'How to retrieve value from a KeyEntry using its alias using android Keystore API
I want to encrypt some arbitrary string using public key and decrypt the string using private key. I am able to achieve this. I am sharing the class I have written
import static android.security.keystore.KeyProperties.DIGEST_SHA256;
import android.content.Context;
import android.os.Build;
import android.security.KeyPairGeneratorSpec;
import android.security.keystore.KeyGenParameterSpec;
import android.security.keystore.KeyProperties;
import android.util.Base64;
import android.util.Log;
import java.io.ByteArrayInputStream;
import java.io.ByteArrayOutputStream;
import java.io.IOException;
import java.math.BigInteger;
import java.nio.charset.StandardCharsets;
import java.security.InvalidAlgorithmParameterException;
import java.security.InvalidKeyException;
import java.security.KeyPair;
import java.security.KeyPairGenerator;
import java.security.KeyStore;
import java.security.KeyStoreException;
import java.security.NoSuchAlgorithmException;
import java.security.NoSuchProviderException;
import java.security.PrivateKey;
import java.security.PublicKey;
import java.security.UnrecoverableEntryException;
import java.security.cert.CertificateException;
import java.util.ArrayList;
import java.util.Calendar;
import javax.crypto.Cipher;
import javax.crypto.CipherInputStream;
import javax.crypto.CipherOutputStream;
import javax.crypto.NoSuchPaddingException;
import javax.security.auth.x500.X500Principal;
public class CipherUtils {
private static final String TAG = CipherUtils.class.getSimpleName();
public static final String ANDROID_KEY_STORE = "AndroidKeyStore";
private static final String TRANSFORMATION = "RSA/ECB/PKCS1Padding";
public static void generateKeyWithDynamicAlias(Context context, String alias) {
try {
KeyStore keyStore = KeyStore.getInstance(ANDROID_KEY_STORE);
keyStore.load(null);
int nBefore = keyStore.size();
// Create the keys if necessary
if (!keyStore.containsAlias(alias)) {
Calendar notBefore = Calendar.getInstance();
Calendar notAfter = Calendar.getInstance();
notAfter.add(Calendar.YEAR, 1);
KeyPairGenerator generator = null;
if (android.os.Build.VERSION.SDK_INT >= android.os.Build.VERSION_CODES.M) {
generator = KeyPairGenerator.getInstance(KeyProperties.KEY_ALGORITHM_RSA, ANDROID_KEY_STORE);
generator.initialize(new
KeyGenParameterSpec.Builder(alias,
KeyProperties.PURPOSE_ENCRYPT |
KeyProperties.PURPOSE_DECRYPT)
.setKeySize(1024)
.setDigests(DIGEST_SHA256)
.setEncryptionPaddings(KeyProperties.ENCRYPTION_PADDING_RSA_PKCS1)

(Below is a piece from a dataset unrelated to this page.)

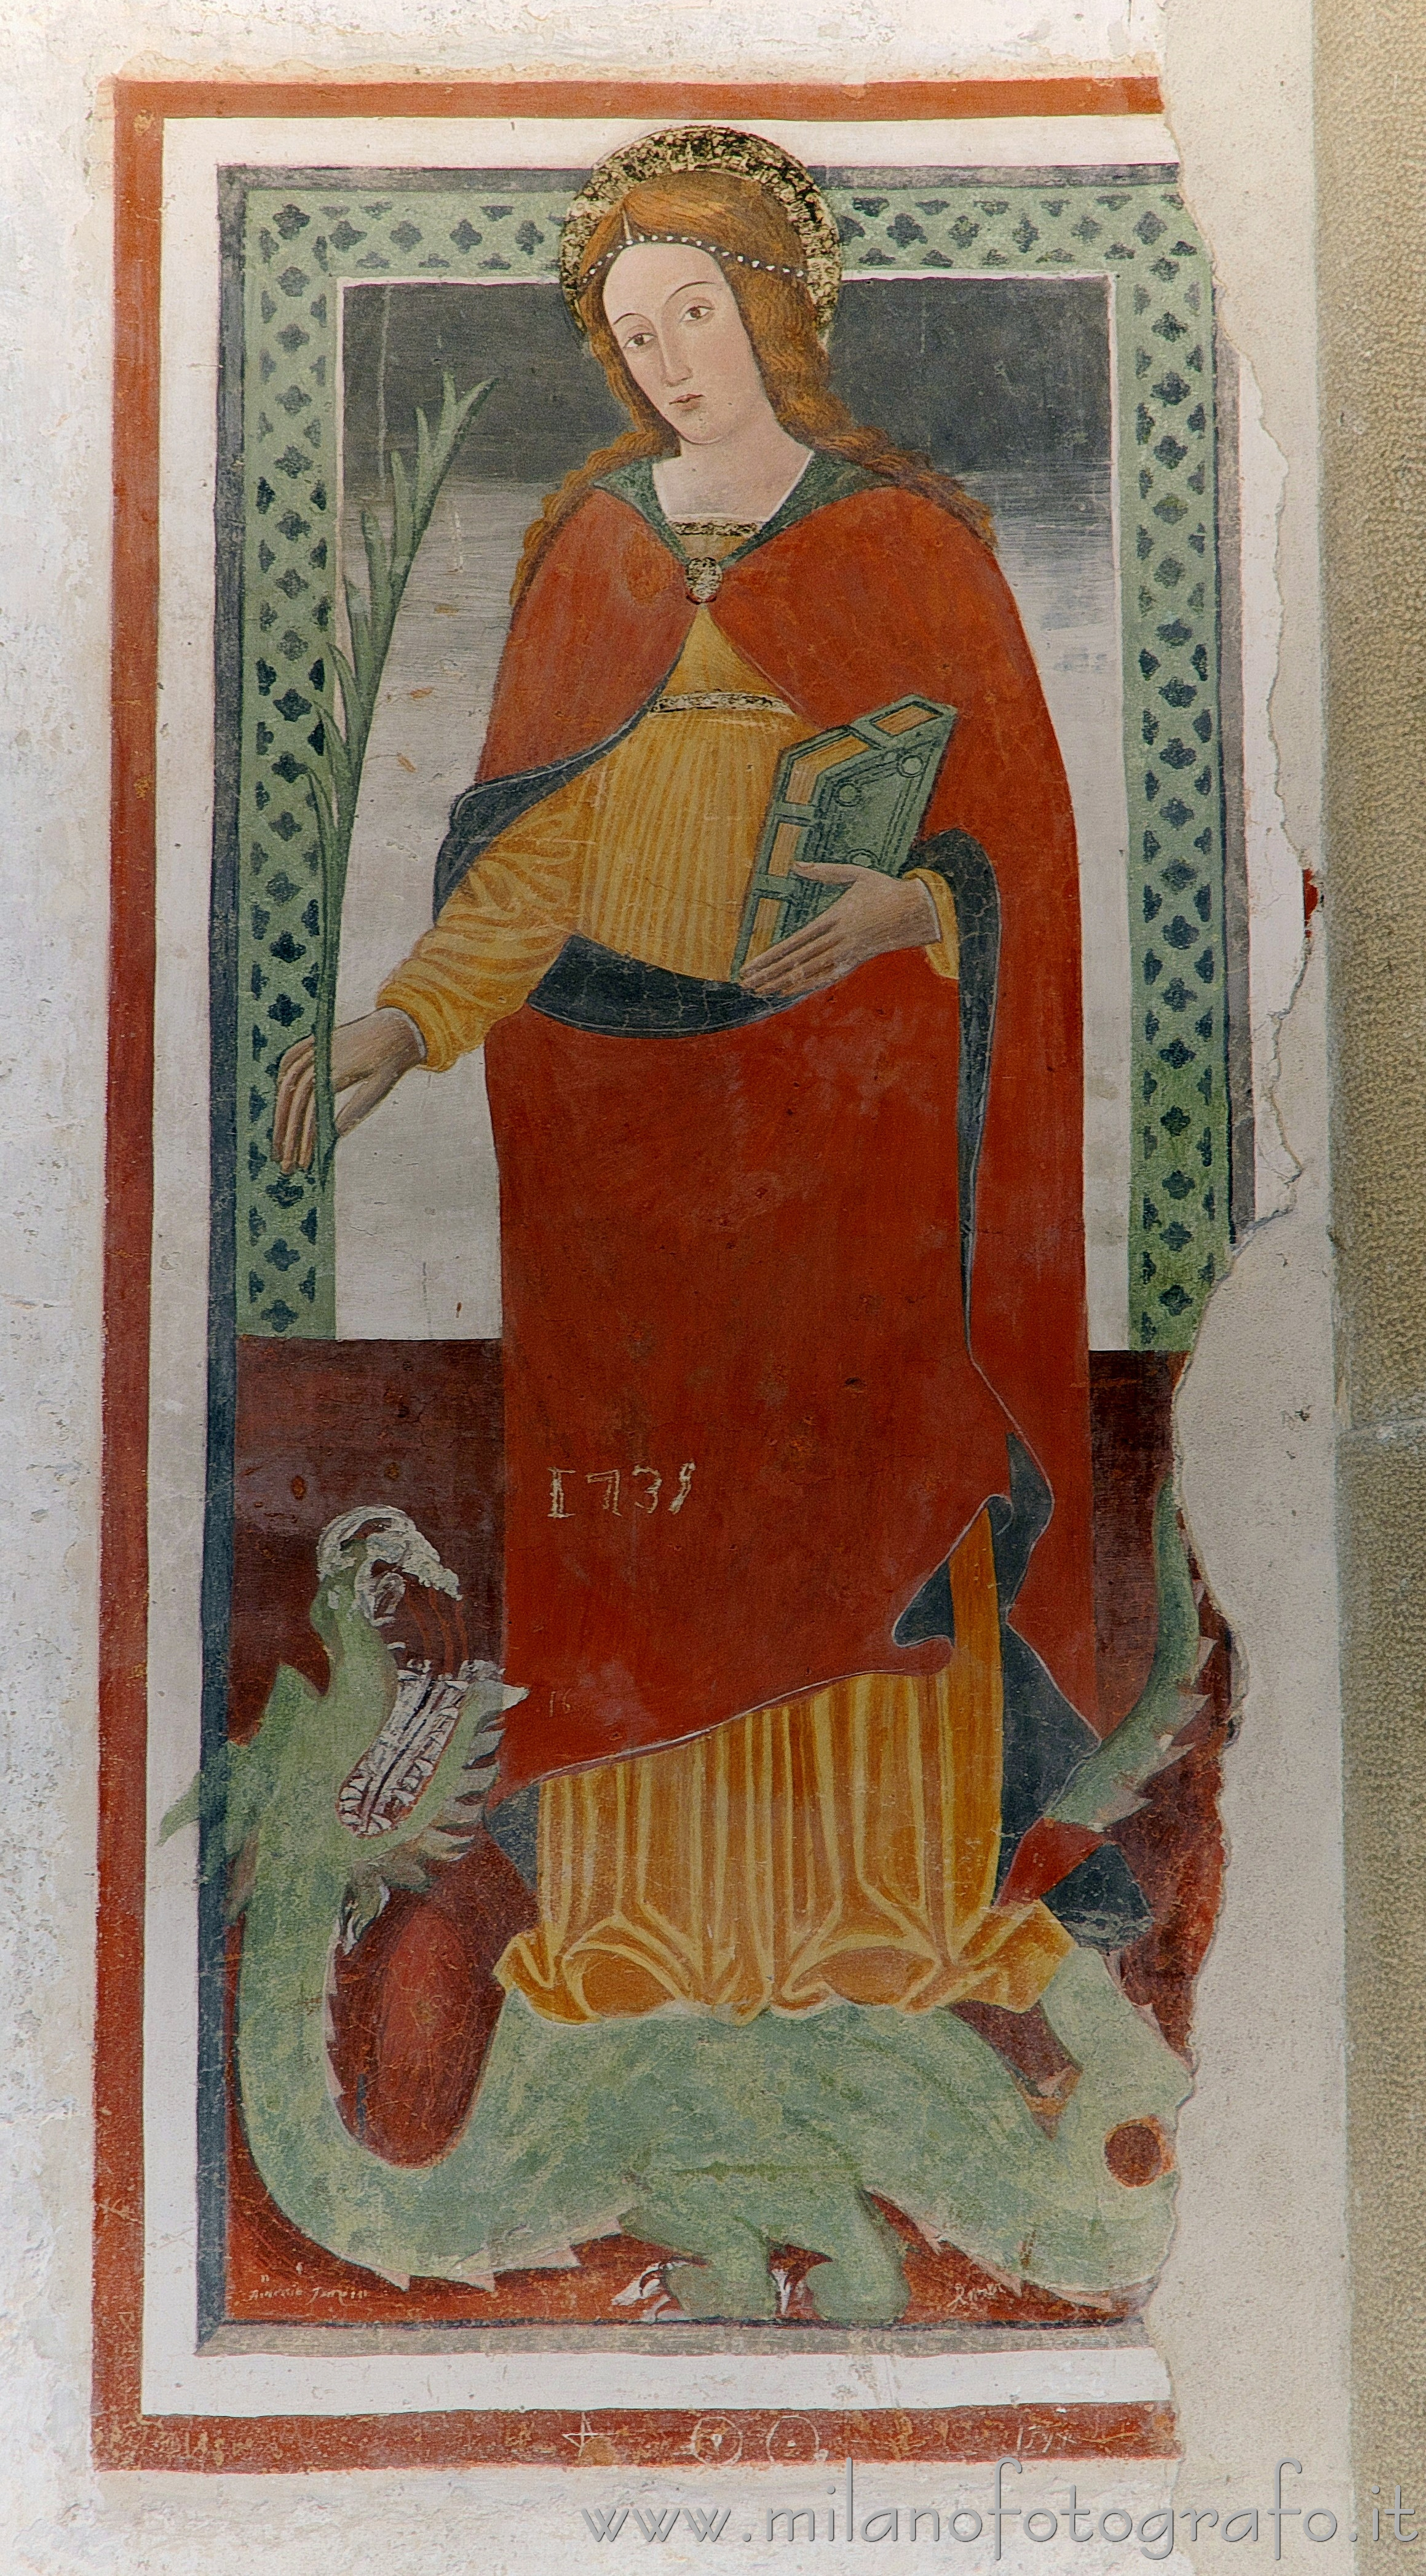 Oggiono (Lecco, Italy): Fresco of St. Euphemia in the Baptistery of San Giovanni Battista - Oggiono (Lecco, Italy)

.setCertificateSubject(new X500Principal("CN=" + alias))
.setCertificateSerialNumber(BigInteger.ONE)
.setCertificateNotBefore(notBefore.getTime())
.setCertificateNotAfter(notAfter.getTime())
.build());
} else {
generator = KeyPairGenerator.getInstance("RSA", ANDROID_KEY_STORE);
generator.initialize( new KeyPairGeneratorSpec.Builder(context)
.setAlias(alias)
.setKeySize(1024)
.setSubject(new X500Principal("CN=" + alias))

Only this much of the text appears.